Além disso, nos termos da Cláusula 19ª, a concessionária ainda tem a obrigação, dentre outras, de efetuar as desocupações e instituir as servidões administrativas e construir um centro de controle operacional.

Do lado do Poder Público, a principal obrigação está prevista na Cláusula 12ª e diz respeito ao aporte público, que deverá ocorrer na medida em que se verificarem determinados eventos previstos no contrato. Ademais, nos termos da Cláusula 20ª, ainda possui a obrigação de fixar e rever a tarifa do pedágio, assegurado o reequilíbrio econômico-financeiro, e promover a autuação dos usuários inadimplentes.


– Os ajustes feitos no edital podem ser considerados bem-sucedidos, dada a participação de quatro interessados no leilão do rodoanel? Ou a acirrada disputa indica que o governo deixou dinheiro na mesa e que poderia ter se comprometido a investir menos ou prever menos possibilidades para a devolução antecipada da concessão?

Claudio Pieruccetti: Essa é uma pergunta para a qual possivelmente não há uma resposta exata, e certamente contará com variações a depender dos conceitos que cada analista possui a respeito de serviços públicos, em especial a concessão de serviços públicos.

De minha parte, penso que em se tratando de serviços públicos o viés principal do Poder Público deve ser o de universalizar os serviços (termo inclusive expressamente inserido no marco legal do saneamento), fornecendo ao cidadão a melhor qualidade de vida possível. Não por outra razão, a Lei de Concessões possui um capítulo específico para tratar do “serviço adequado”.

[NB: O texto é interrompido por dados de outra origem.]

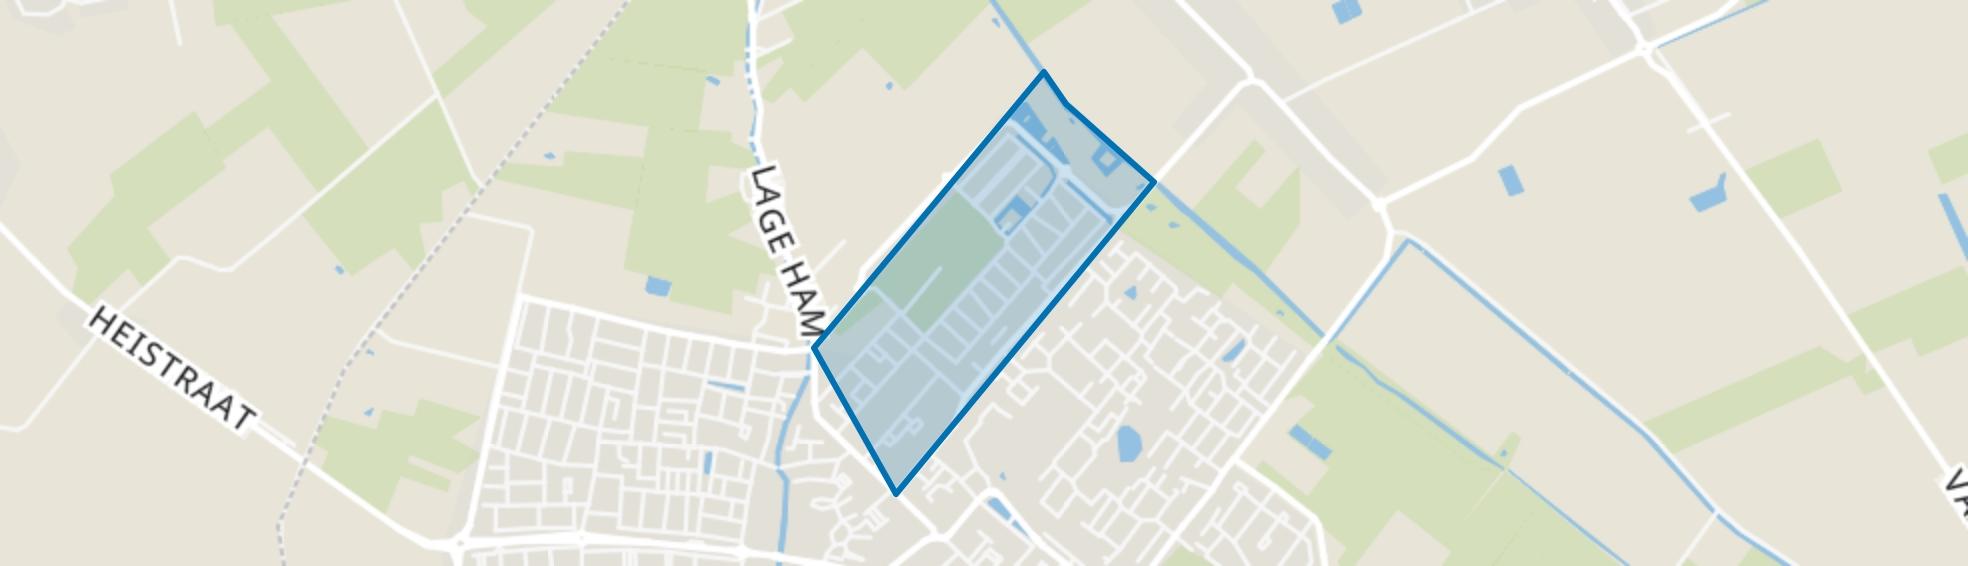 Beljaart, Dongen map

No caso do Rodoanel, há de se levar em conta que as obras de instalação tiveram início nos anos 90. Ou seja, é um projeto que se arrasta há aproximadamente 30 anos sem que tenha sido concluído. Além disso, tenha-se em mente que, especificamente no que diz respeito ao Trecho Norte, o Governo de São Paulo desistiu da tentativa de realizar a licitação no ano passado por falta de interesse do setor privado, o que provavelmente ocorreu diante do cenário econômico, que já apresentava uma alta taxa de juros e ainda tinha pela frente o processo eleitoral para a Presidência da República.

Nesse cenário, e considerando o impacto social da obra, especialmente na mobilidade urbana da cidade de São Paulo e de seu entorno, me parece correto o movimento do Poder Público de tornar o projeto mais atrativo para a iniciativa privada, sob pena de ser necessária a atuação direta mediante a contratação de uma obra pública (e não de um parceria público-privada), onde certamente o custo seria bem maior.


– A existência de um prazo de doze meses para que a empresa vencedora avalie o real estado da estrutura e, em caso de necessidade, peça reequilíbrio econômico-financeiro do contrato pode ser uma solução interessante para atrair interessados concluir em obras paralisadas? Esse mecanismo é comum? Pode se tornar uma tendência?

Claudio Pieruccetti: Até onde tenho conhecimento essa não é uma modelagem usual, muito embora me pareça juridicamente viável. O que esse cenário pode eventualmente acarretar é uma litigiosidade já no início da execução do contrato, e pode trazer dificuldades para o parceiro privado uma vez que as discussões sobre reequilíbrio econômico-financeiro de contratos administrativos sempre apresenta muitas variáveis.

De todo modo, estabelecer previamente a possibilidade de apresentação de pleitos de reequilíbrio na hipótese de a situação real do local da obra não corresponder com aquela informada pelo Poder Público no momento da realização da licitação de fato traz um conforto para a iniciativa privada quando da mensuração dos riscos envolvidos no projeto e pode sim ser uma solução para atrair interessados, que em um cenário de juros altos sempre possuem a alternativa de recorrer a investimentos mais conservadores.

Se na prática a solução se mostrar efetiva, penso que ela pode sim se tornar uma tendência.